Championships don’t follow a script. Sometimes they come from surviving upheaval. Sometimes they come from executing a plan so well that nothing else matters.
The Osceola and St. Petersburg Catholic football teams both won district titles, but the roads couldn’t have been more different. The Warriors patched together a season after losing their coach and quarterback, installing a new offense on the fly and grinding through a 2-3 start. The Barons never wavered, rolling through opponents with a first-year coach and a quarterback who has made winning look effortless.
One team found a way. The other never had to look for one.
Osceola overcomes chaos to claim district title
The Warriors entered the season as long shots. By the time they hoisted the Class 4A, District 11 trophy, they’d proven chaos doesn’t have to mean collapse.
Osceola lost its quarterback to a transfer this summer and its head coach to another job — on the first day of fall practice. Mike Davis, who coaches flag football, stepped in as interim head coach with no time to prepare.
Without an experienced quarterback, the Warriors scrapped the playbook. They installed a single-wing offense built around their running backs and offensive line.
The gamble didn’t pay off immediately. Osceola struggled through the first five games before finding its footing. Four straight wins followed, including a 28-14 victory over Bradenton Southeast that proved decisive. Both teams finished tied atop the district standings, but the Warriors claimed the title on the tiebreaker.
Brandt Scott carried the load in the backfield, rushing for 899 yards and eight touchdowns so far this season. He ran for 100 yards and three scores in a 26-0 win over St. Petersburg that sealed Osceola’s second district victory.
What looked like a lost season in July became a championship by November. Sometimes the best plan is surviving long enough to find one.
St. Petersburg Catholic rolls to district title
The Barons didn’t need a tiebreaker. They didn’t even need a close game.
St. Petersburg Catholic claimed the Class 1A, District 9 championship with a 48-6 rout of Northside Christian on Oct. 10. In a two-team district, one game settled everything.

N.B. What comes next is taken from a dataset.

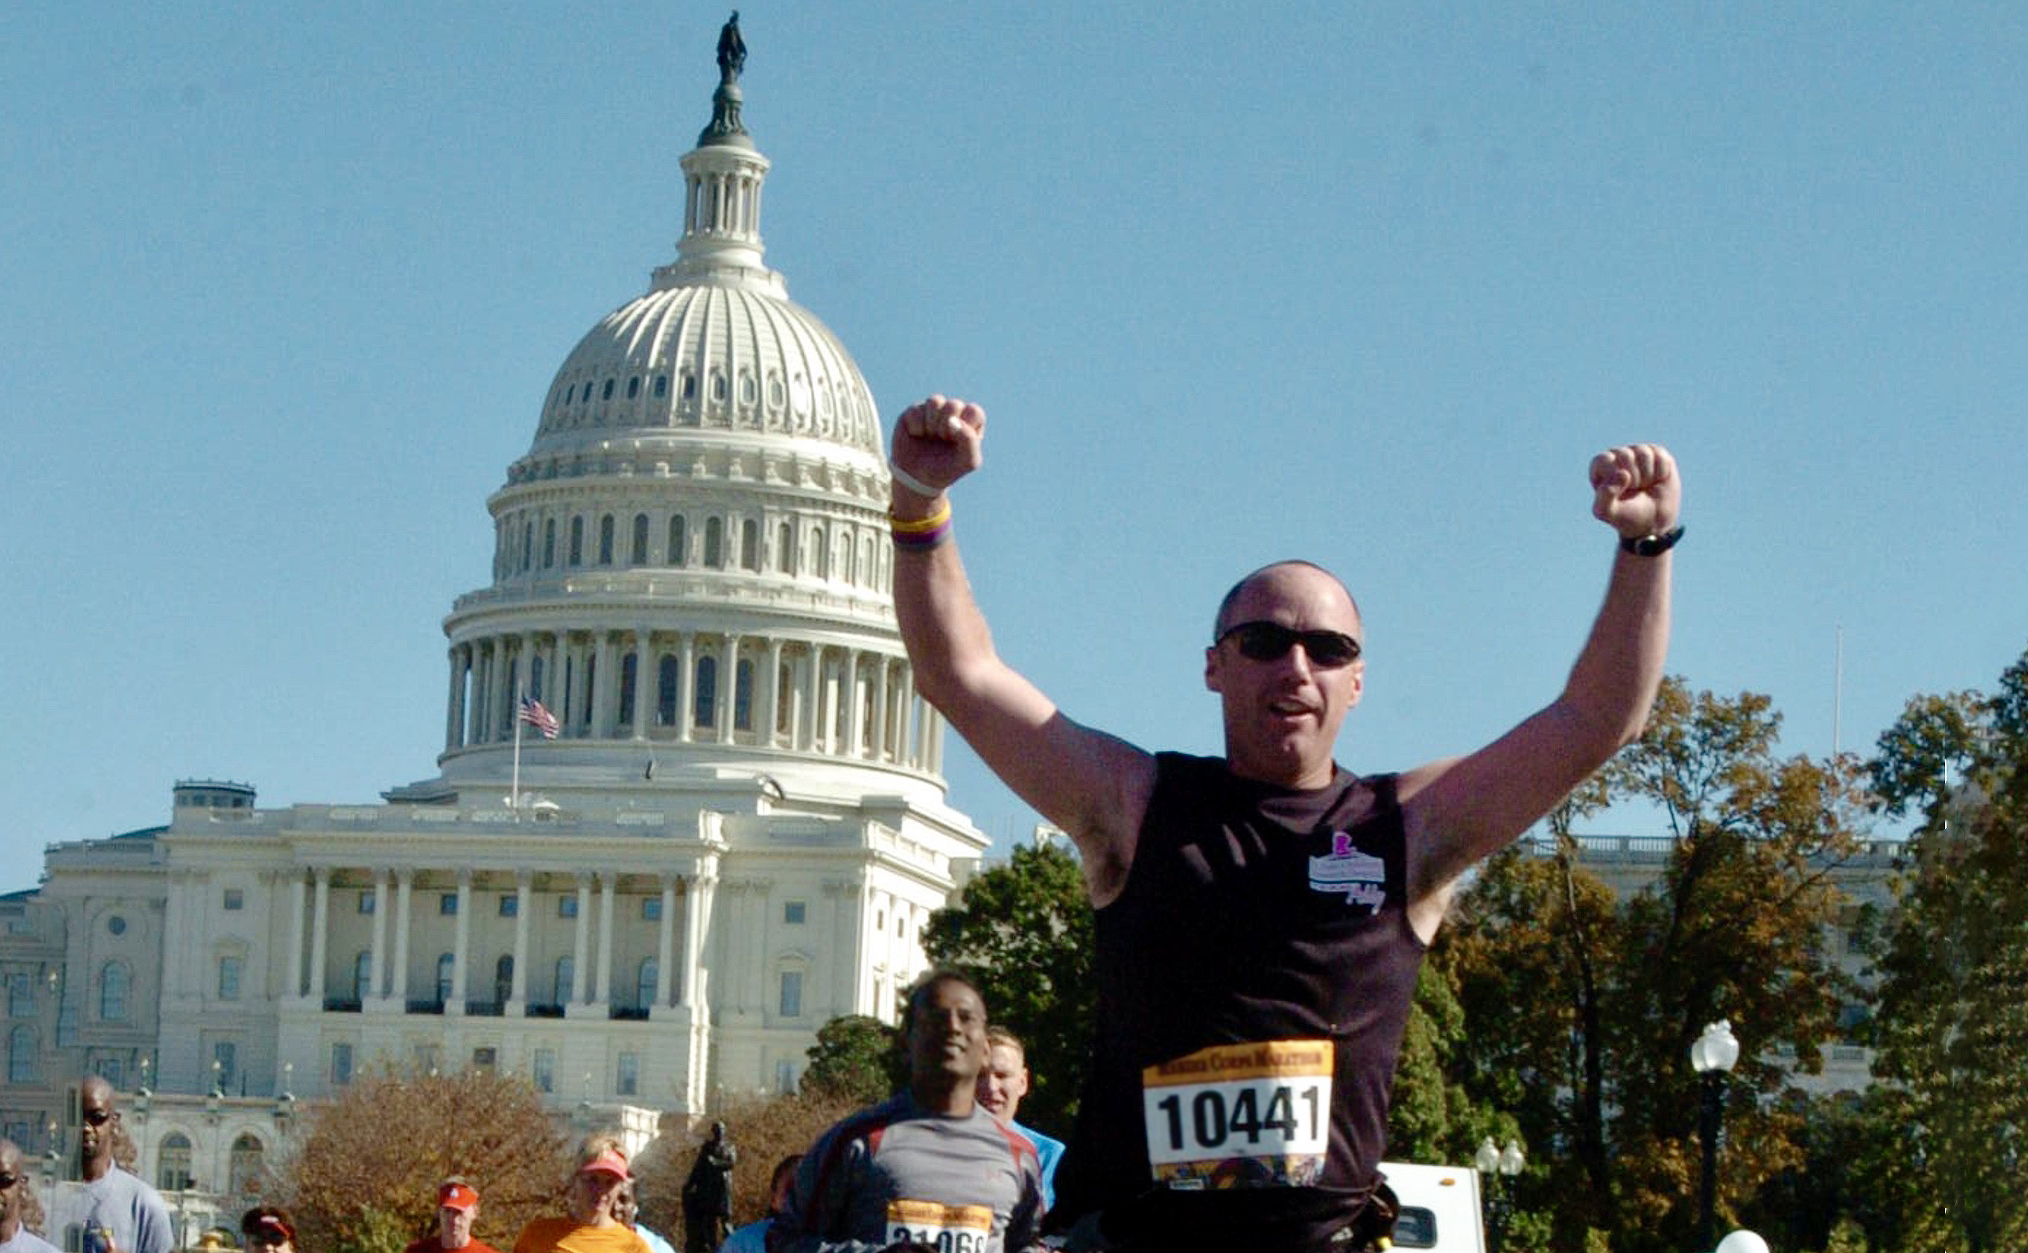 Firefighter's Care Inspires Boston Marathon Run

Chase Burrill made sure there was no drama. The senior quarterback threw for 317 yards and five touchdowns, continuing a season that has bordered on absurd. Through nine games, Burrill has 39 touchdown passes against just two interceptions.
First-year coach Jesse Chinchar inherited a program ready to break through. A former head coach at Clearwater Academy and assistant at Tarpon Springs, Chinchar has the Barons undefeated and dominant. They’ve outscored opponents 461-40, winning by an average of 47 points per game.
St. Petersburg Catholic has a chance to finish the regular season undefeated for the first time in school history. The margin for error has been nonexistent all season — not because games have been close, but because the Barons haven’t allowed one.
What separates a good team from a great one is consistency. St. Petersburg Catholic has been relentless.
Quick hits
Karjala earns FACA district MVP honors
Sam Karjala of Calvary Christian earned MVP honors to headline the Florida Athletic Coaches Association’s District 14 volleyball selections, chosen by member coaches from Pinellas County schools.
Karjala also claimed Class 3A player of the year. Other class winners included Palm Harbor University’s Skylar Shepherd (7A), Largo’s Deana Petrov (6A), St. Petersburg’s Abbigail Buffington (5A), Northside Christian’s Aaliyah Cancellari (2A) and Keswick Christian’s Madison McClung (1A).
Stephen Shepherd of Palm Harbor University was named Class 7A coach of the year. Additional coaching honors went to East Lake’s Terry Small (6A), St. Petersburg’s Joe Abad (5A), Dunedin’s Jennifer Hauskey (4A), Calvary Christian’s Kim Whitney (3A) and Keswick Christian’s Dan Zomermaand (1A). Clearwater Central Catholic’s Wendy Hensley and Indian Rocks Christian’s Bryan Avergonzado shared Class 2A honors.
Paschal honored at Iowa
Largo coach Marcus Paschal served as honorary captain when Iowa hosted Penn State on Oct. 19 at Kinnick Stadium, returning to his alma mater where he was a four-year letterman from 2003-06.
Paschal, who helped the Hawkeyes reach four bowl games, recorded 199 tackles, three interceptions and 17 pass breakups during his career. He earned second-team All-Big Ten honors as a senior in 2006. After signing with Philadelphia as an undrafted free agent in 2007, Paschal played for Atlanta, Indianapolis and Baltimore. He has coached at Largo, his high school alma mater, since 2014.
Final touches before playoffs begin
The regular season is over for most teams. For a few, there’s one more week to finish what got interrupted.
The Florida High School Athletic Association set aside this week for makeup games postponed earlier in the season. Teams that lost dates to weather or other issues get a chance to complete their schedules before the playoffs start.
For everyone else, it’s a week to prepare.
The region quarterfinals for Classes 1A-7A begin Nov. 14. What comes next won’t wait much longer.